◆ Action item ◆
Every line of the listing below must be printed again exactly, apart from its pictures.

◆ Data excerpt ◆
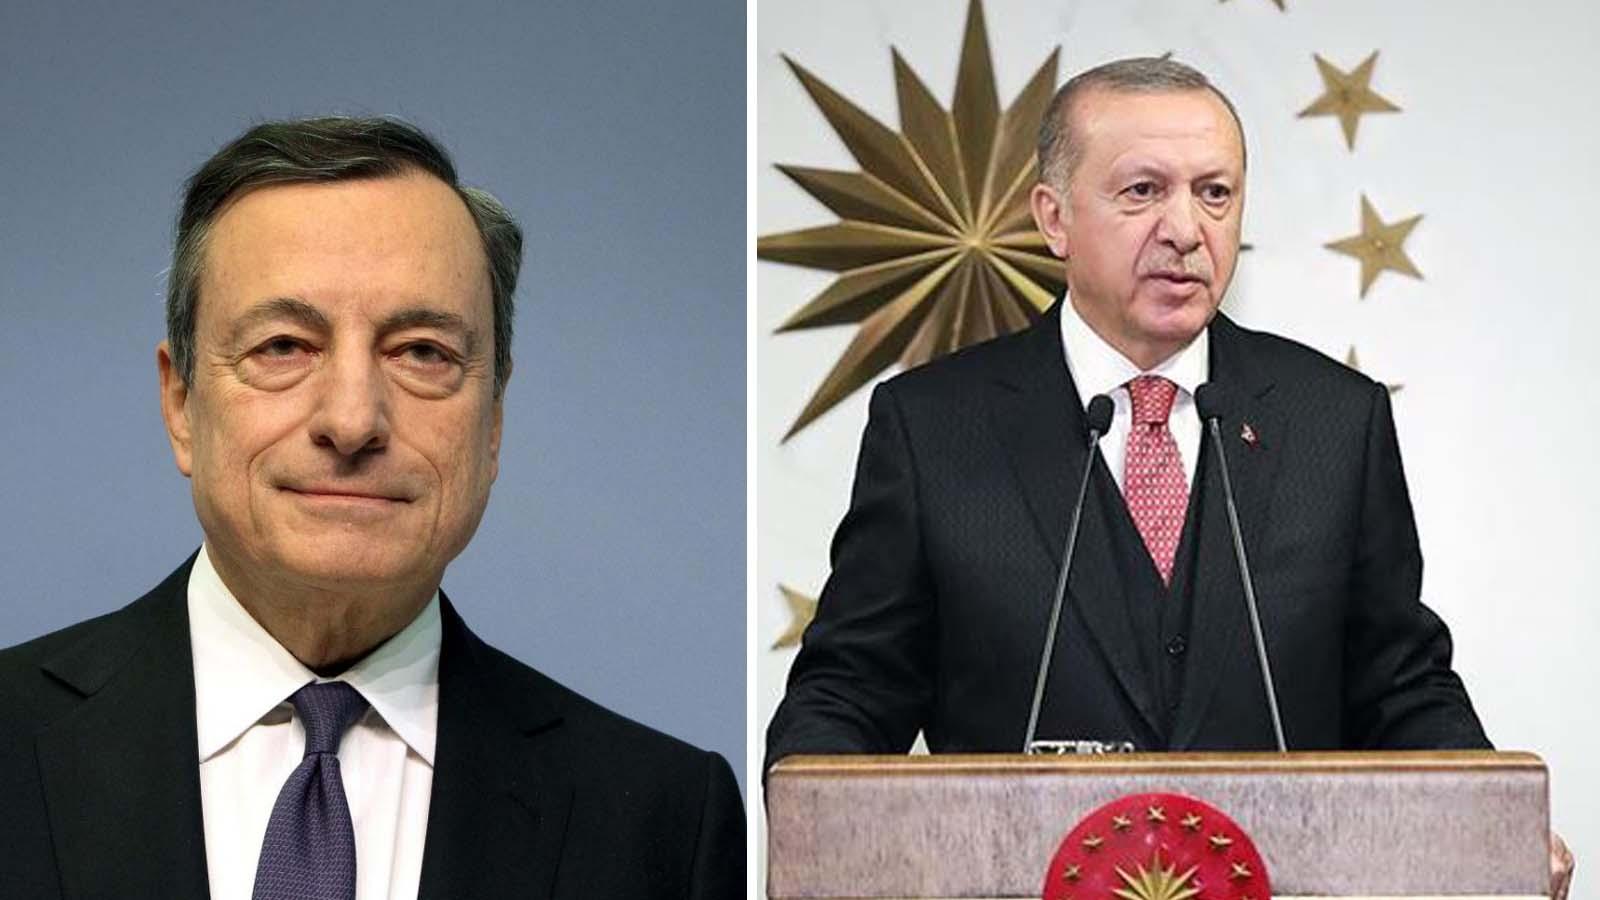 İtalya Başbakanı ne demiş? Draghi, Cumhurbaşkanı Erdoğan'a ne dedi?
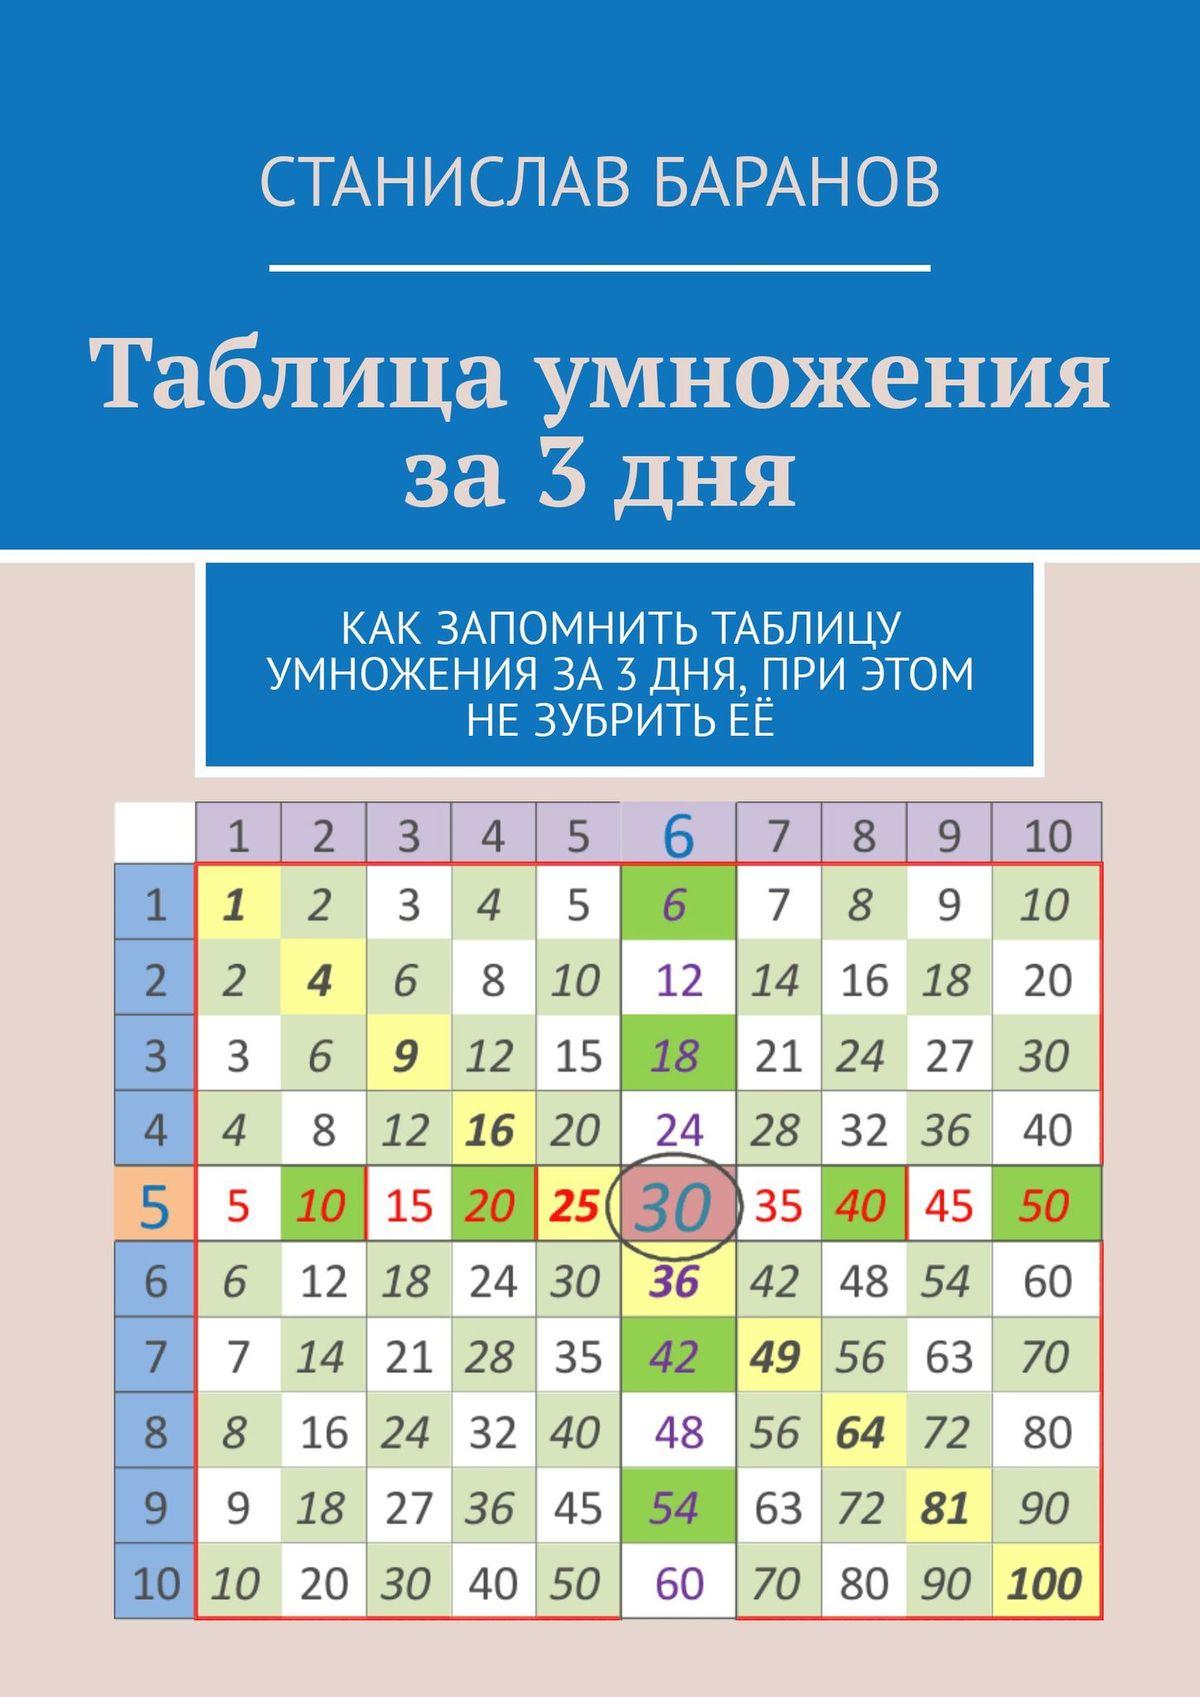 Станислав Баранов Таблица умножения за3дня. Как запомнить таблицу умножения за3 дня, при этом незубритьеё беденко марк васильевич смекай виталий таблица умножения без напряжения рабочая тетрадь 3 класс
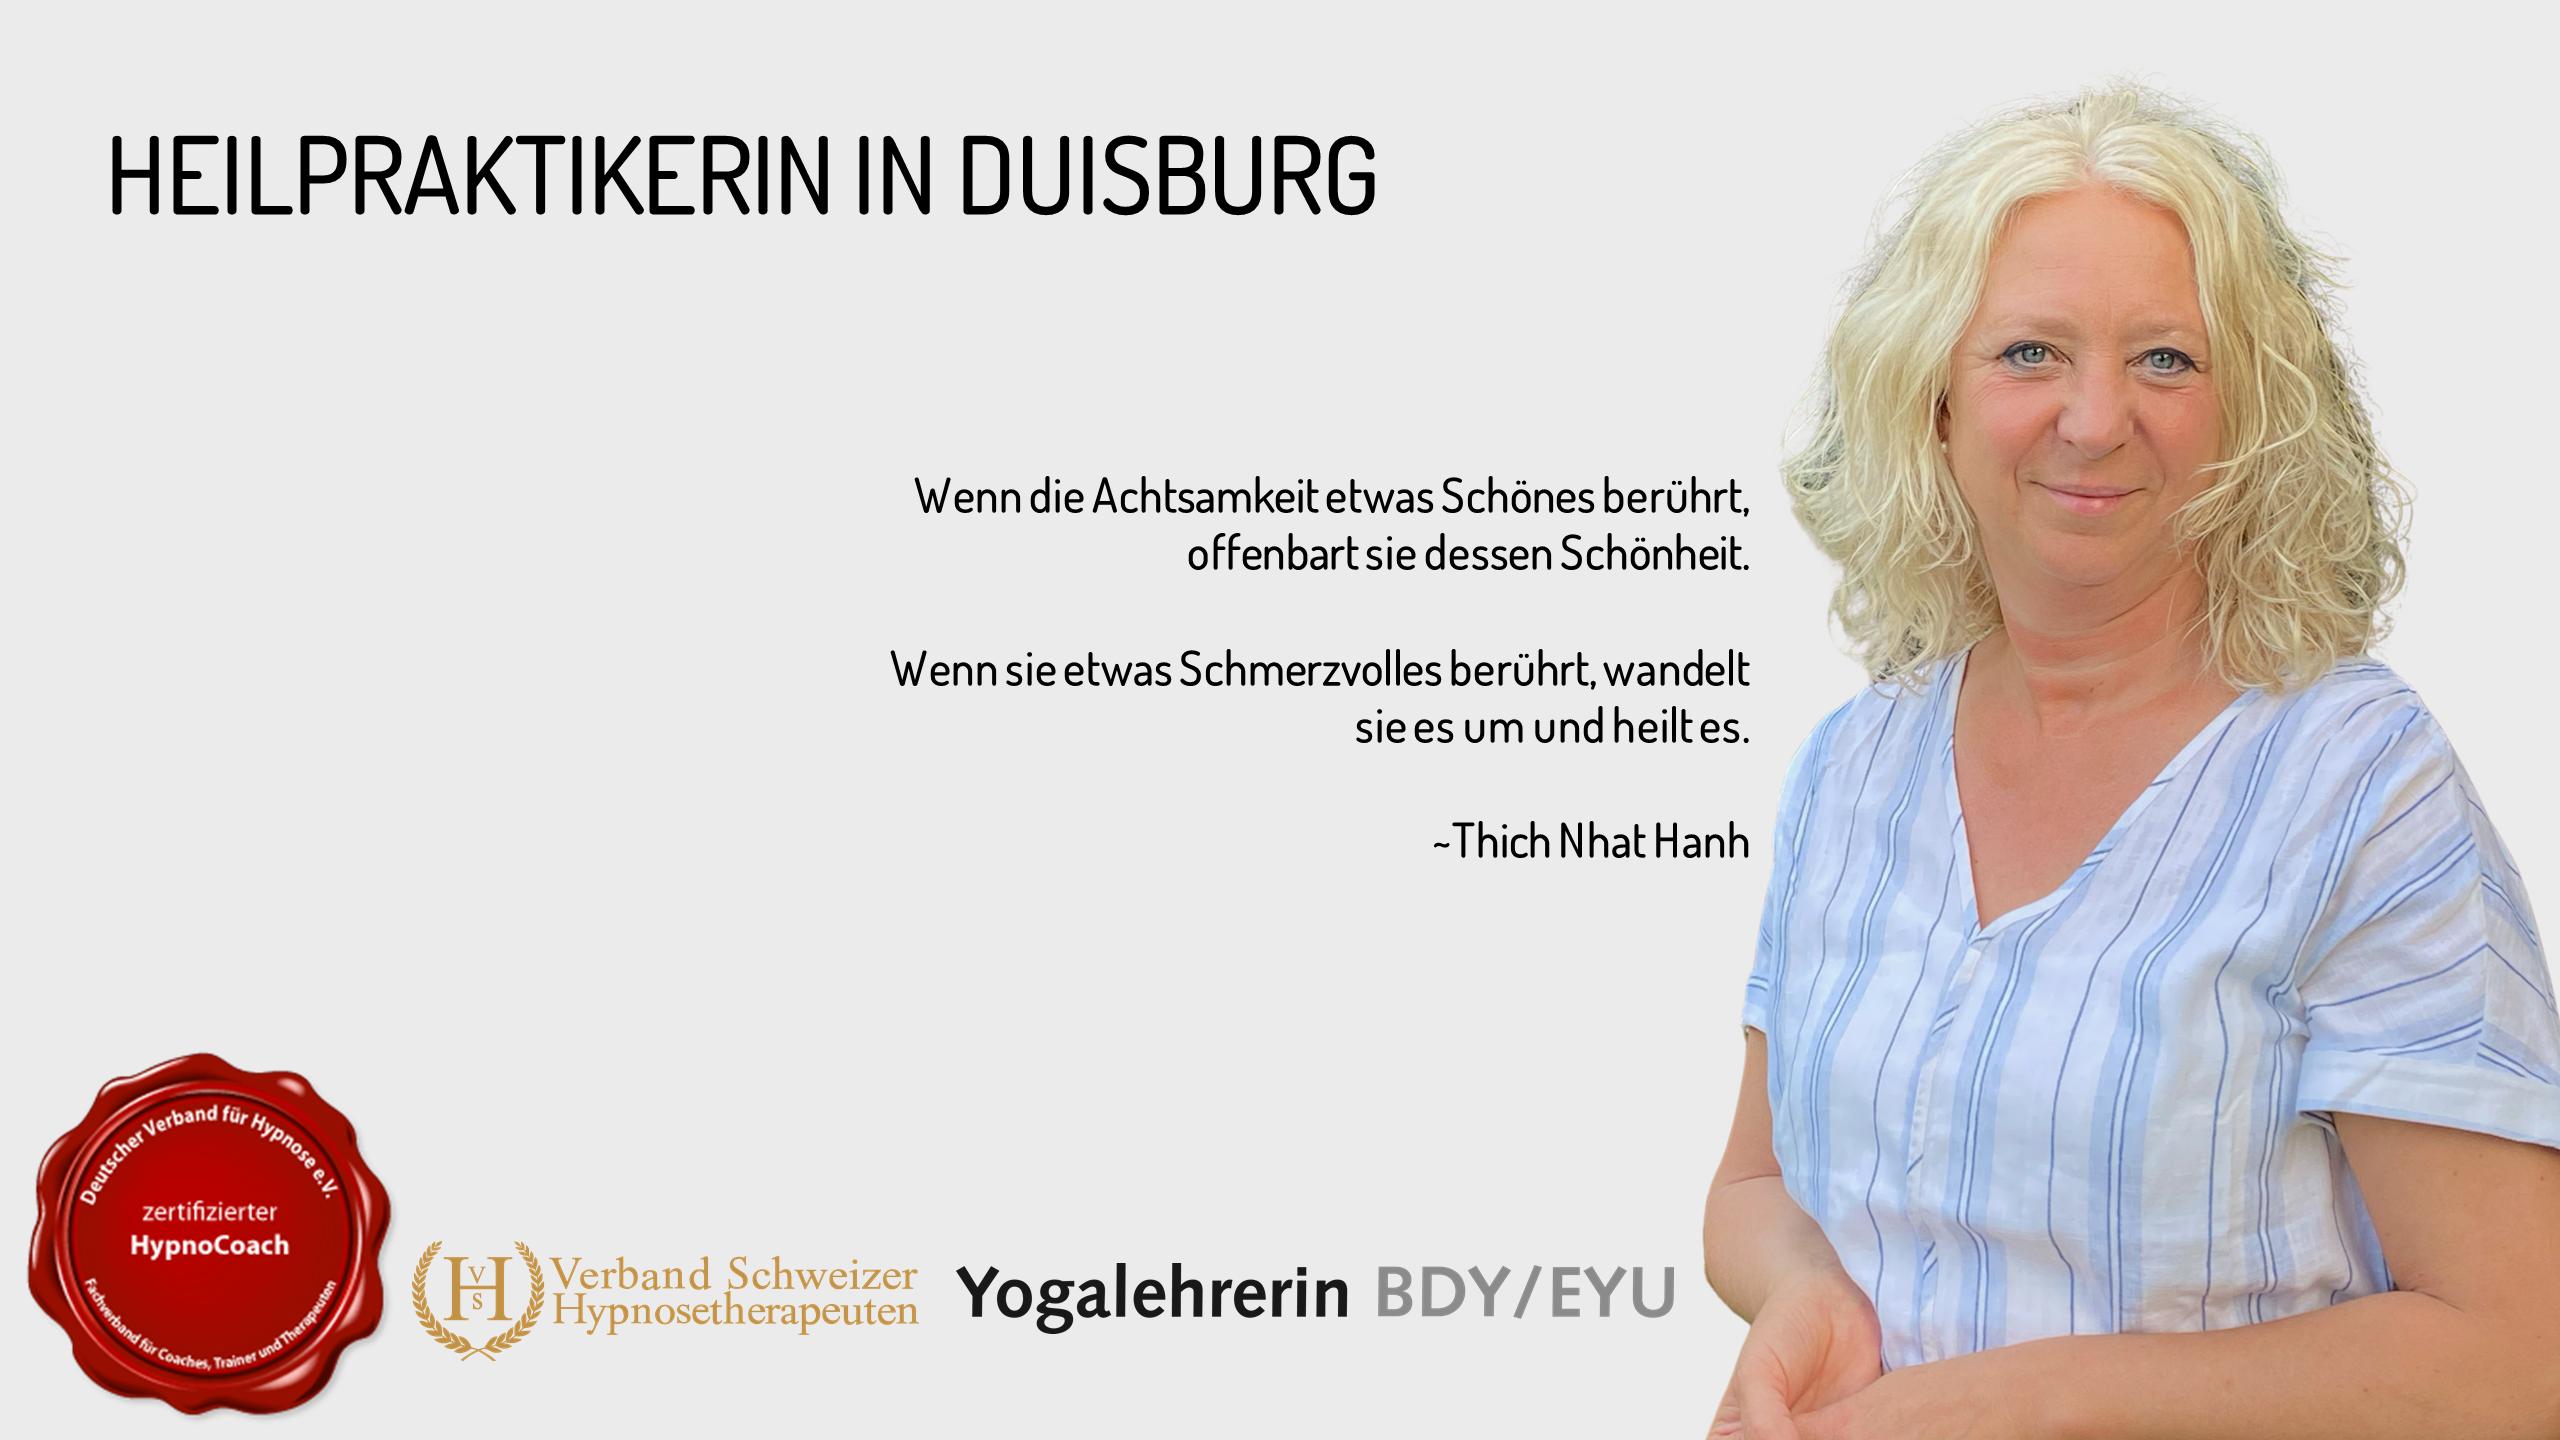 Heilpraktikerin in Duisburg. Deutscher Verband für Hypnose. Verband Schweizer Hypnosetherapeuten. Yogalehrerin. Anja Schütz

◆ Result of this task ◆
 İtalya Başbakanı ne demiş? Draghi, Cumhurbaşkanı Erdoğan'a ne dedi?
 Станислав Баранов Таблица умножения за3дня. Как запомнить таблицу умножения за3 дня, при этом незубритьеё беденко марк васильевич смекай виталий таблица умножения без напряжения рабочая тетрадь 3 класс
 Heilpraktikerin in Duisburg. Deutscher Verband für Hypnose. Verband Schweizer Hypnosetherapeuten. Yogalehrerin. Anja Schütz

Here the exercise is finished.